Aşk Önce Gelişin Serencamı
Zamanı istediğiniz kadar alsanız da geriye, nereden ve nasıl çıkıp geldiğini bilemeden, ne ile tanısını koyabileceksiniz aşkın. Ki siz efendilerime söyleyeyim, sonradan gelmenin görücü usulünce, naif cisminizi vampir dişli testeresinin altına yatırdığınızdan dahi bihaberken.
Aşk önce geldim ben. Daha siz ve o gelmeden, henüz görmeden ve de bilmeden neler olacağını. Gelip yanımdan geçerek size musallat olmaya koyulduğu lahzayı dünmüş gibi hatırlıyorum.

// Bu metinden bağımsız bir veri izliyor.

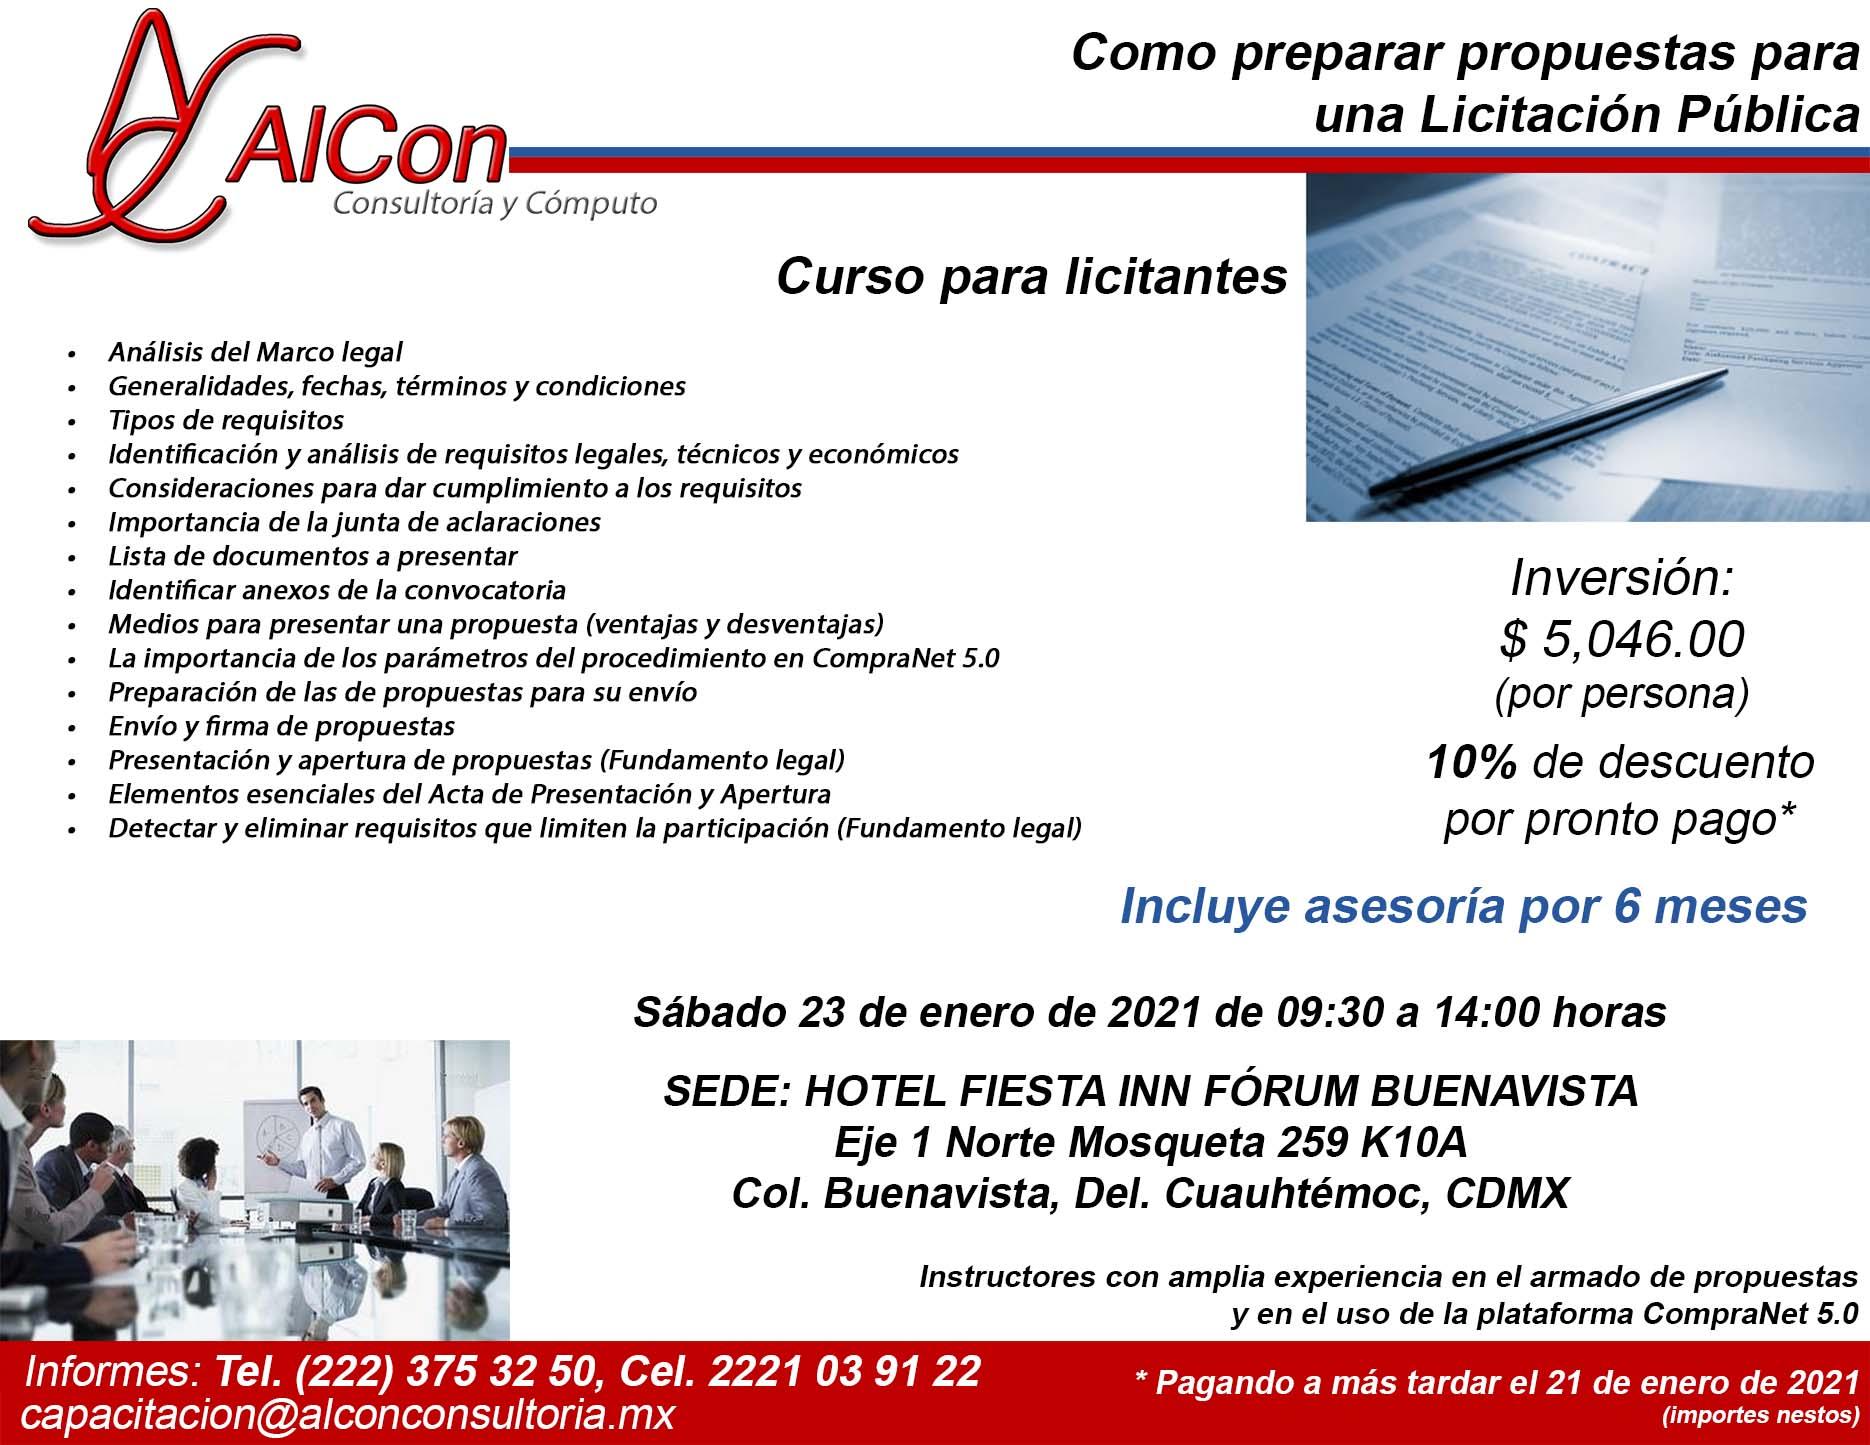 Curso Como preparar propuestas para una Licitación Pública, Ciudad de México, AlCon Consultoría y Cómputo, AlCon Consulting And Commerce, Arcadio Alonso Sánchez

Beş his hünerinden yoksundu, sizden eksik yanı bir tek onlar değildi; ne elleri vardı, ne ayakları, ne de bir kalbi… Küremsi bir çarkın bütün yüzeyindeki dişlilerinden sadece kutup dişlisine takılmış iki testeresi savruluyordu dikine boyutta. Kürenin içine uzanan kökleri iki kalbi bünyesine çekip öğütecek bir mengeneye sahipti. O bir alet ya da makina değildi, sürücüsü de yoktu, iki kalbin birbirini çekim yasası yürürlüğe girdiği andan itibaren çalışmaya başlayan silinmez bir yazgıydı.

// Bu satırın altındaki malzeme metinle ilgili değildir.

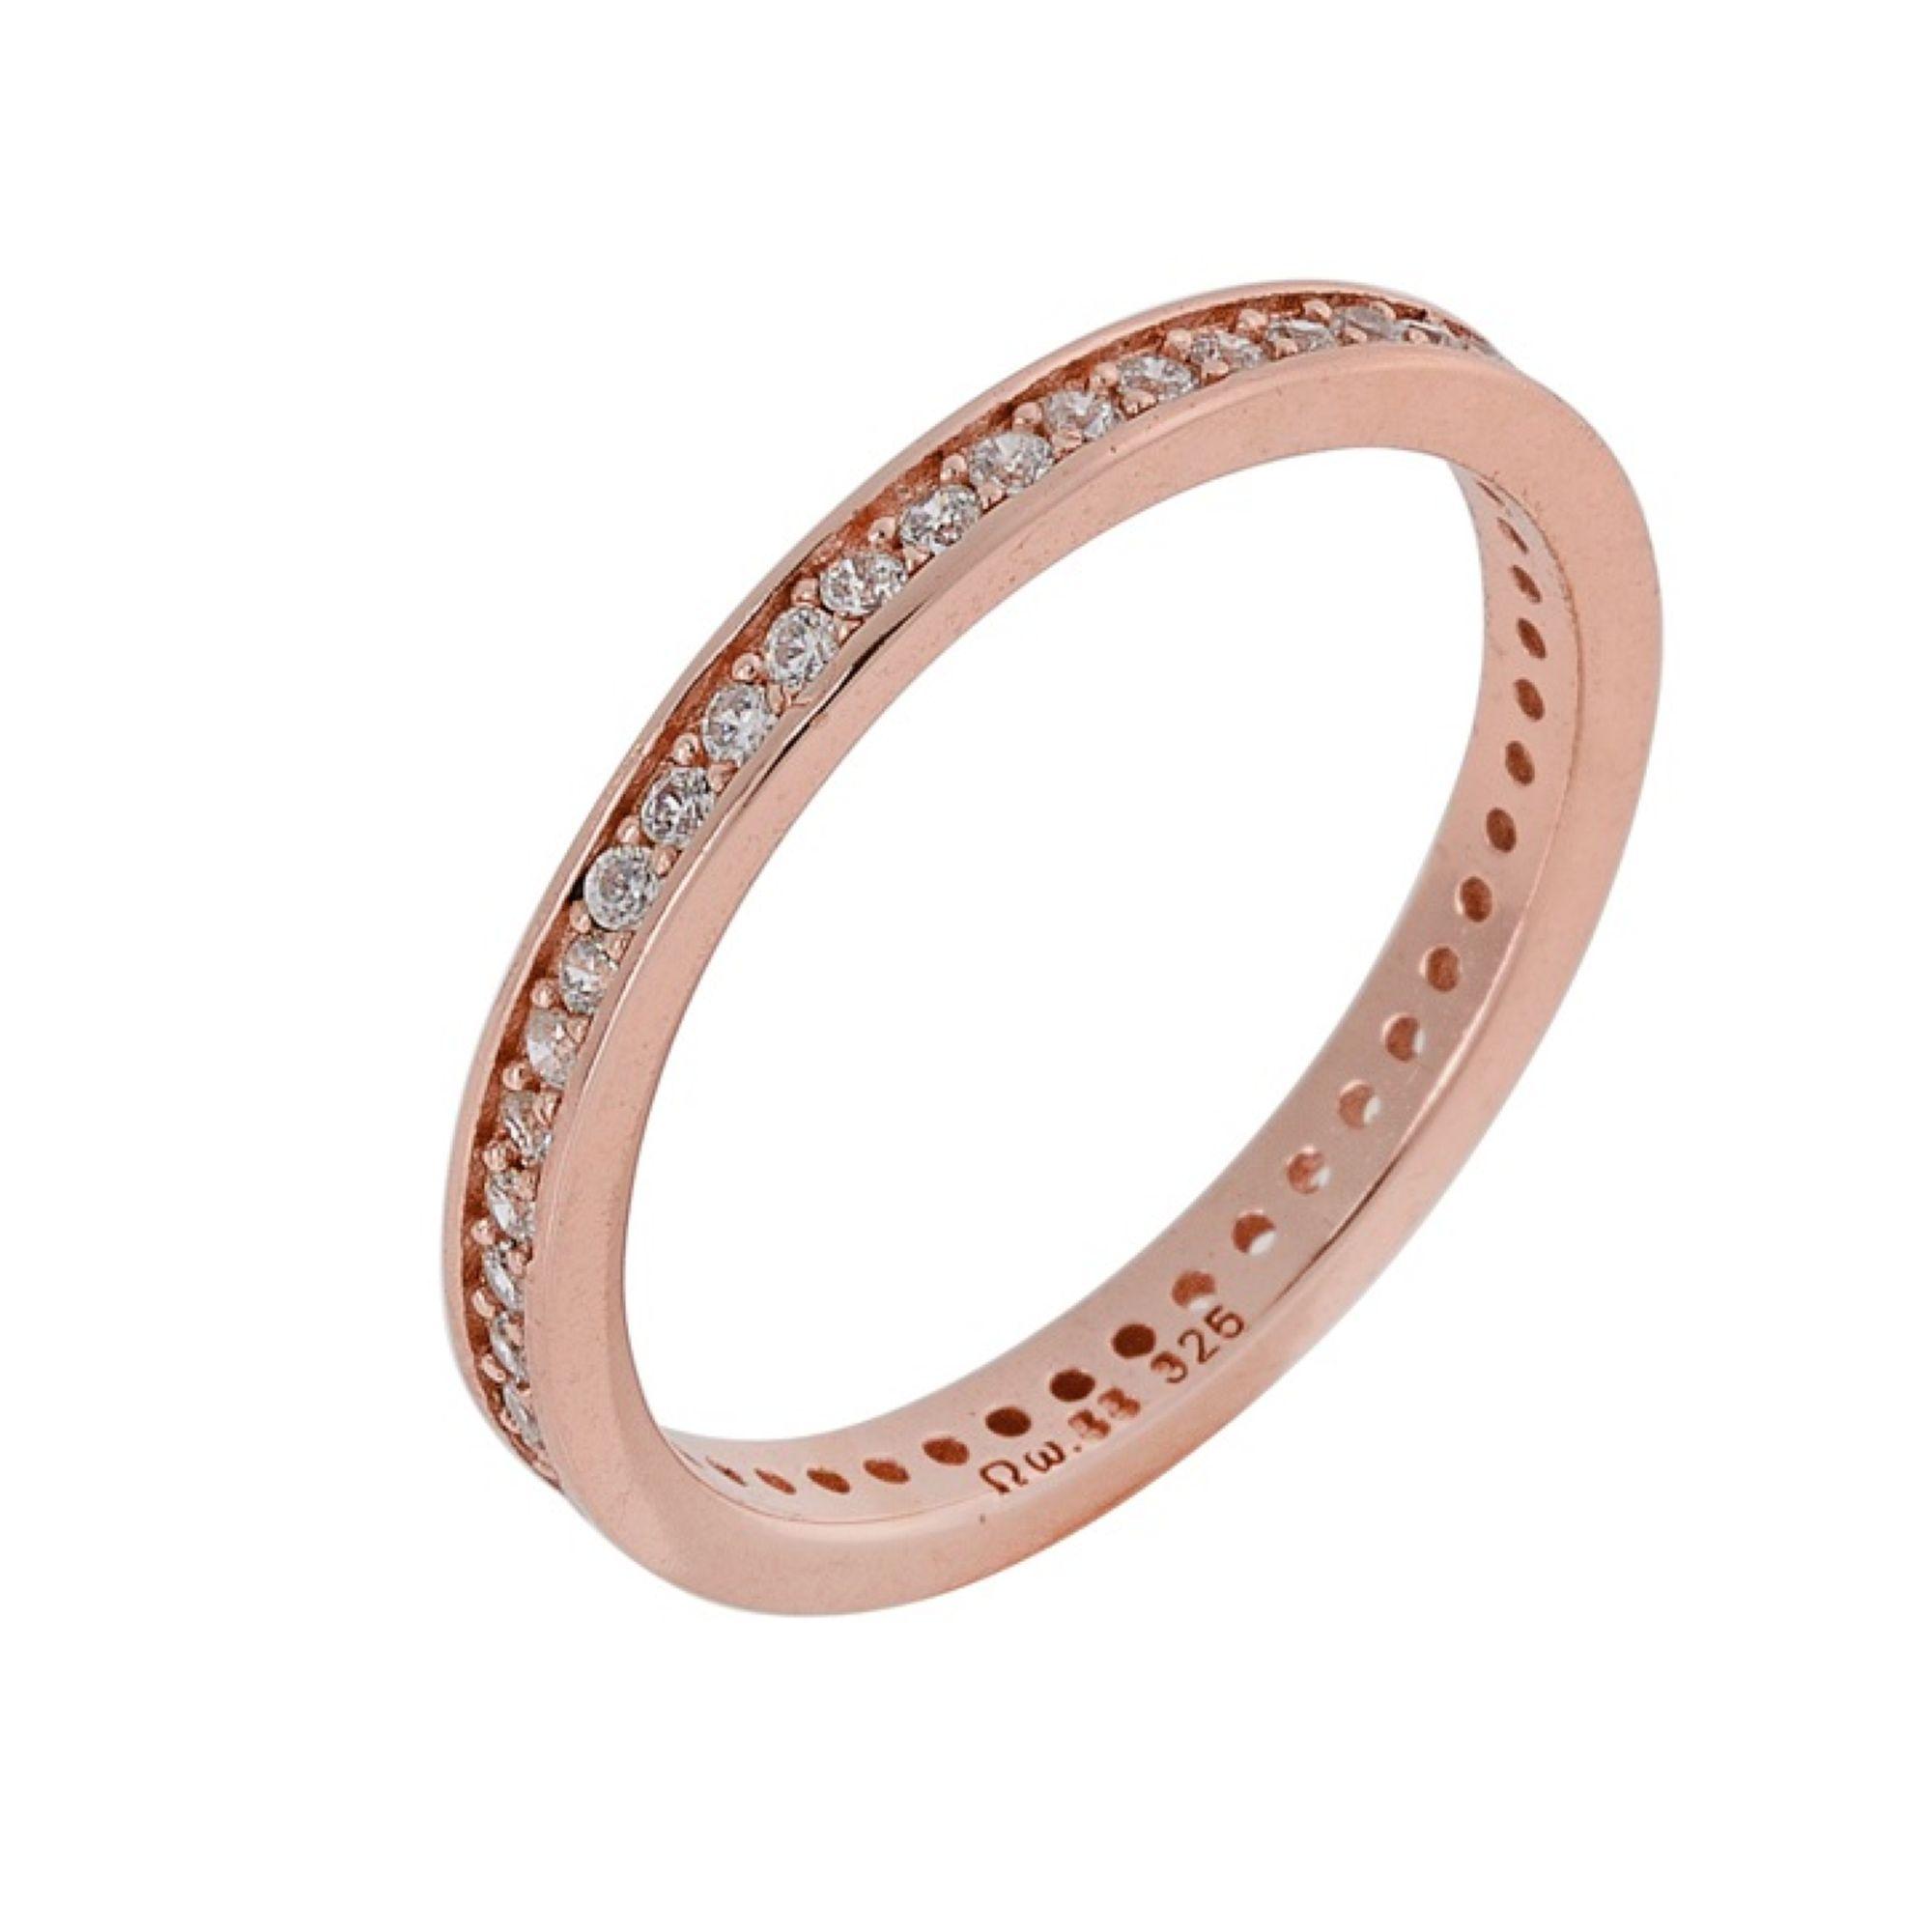 Ασημένιο δαχτυλίδι 925 Σειρέ σε Ροζ Gold

Siz, iki gönül buluşması olarak sanıp aldandığınız kavuşmalarınızla, iki kalbi de onun merkezine kaptırdığınızın farkına bile varmadan, yazgınızı kendiniz yazdınız. Yürekten sevdim diyerek başladığınız yolculuğunuzun bitiş çizgisinde, gönül hariç bedenin tamamının pare pare olduğunu fark ettiğinizde, ne çok erken ne de çok geç oldu artık sizin için. Zamanın öncesi ve sonrası yoktu artık, iki kalp de mengenesinden geçerek toprak olmaya dahi kavuşamayan bir kızıl kırgınlığa mahkûm oldu.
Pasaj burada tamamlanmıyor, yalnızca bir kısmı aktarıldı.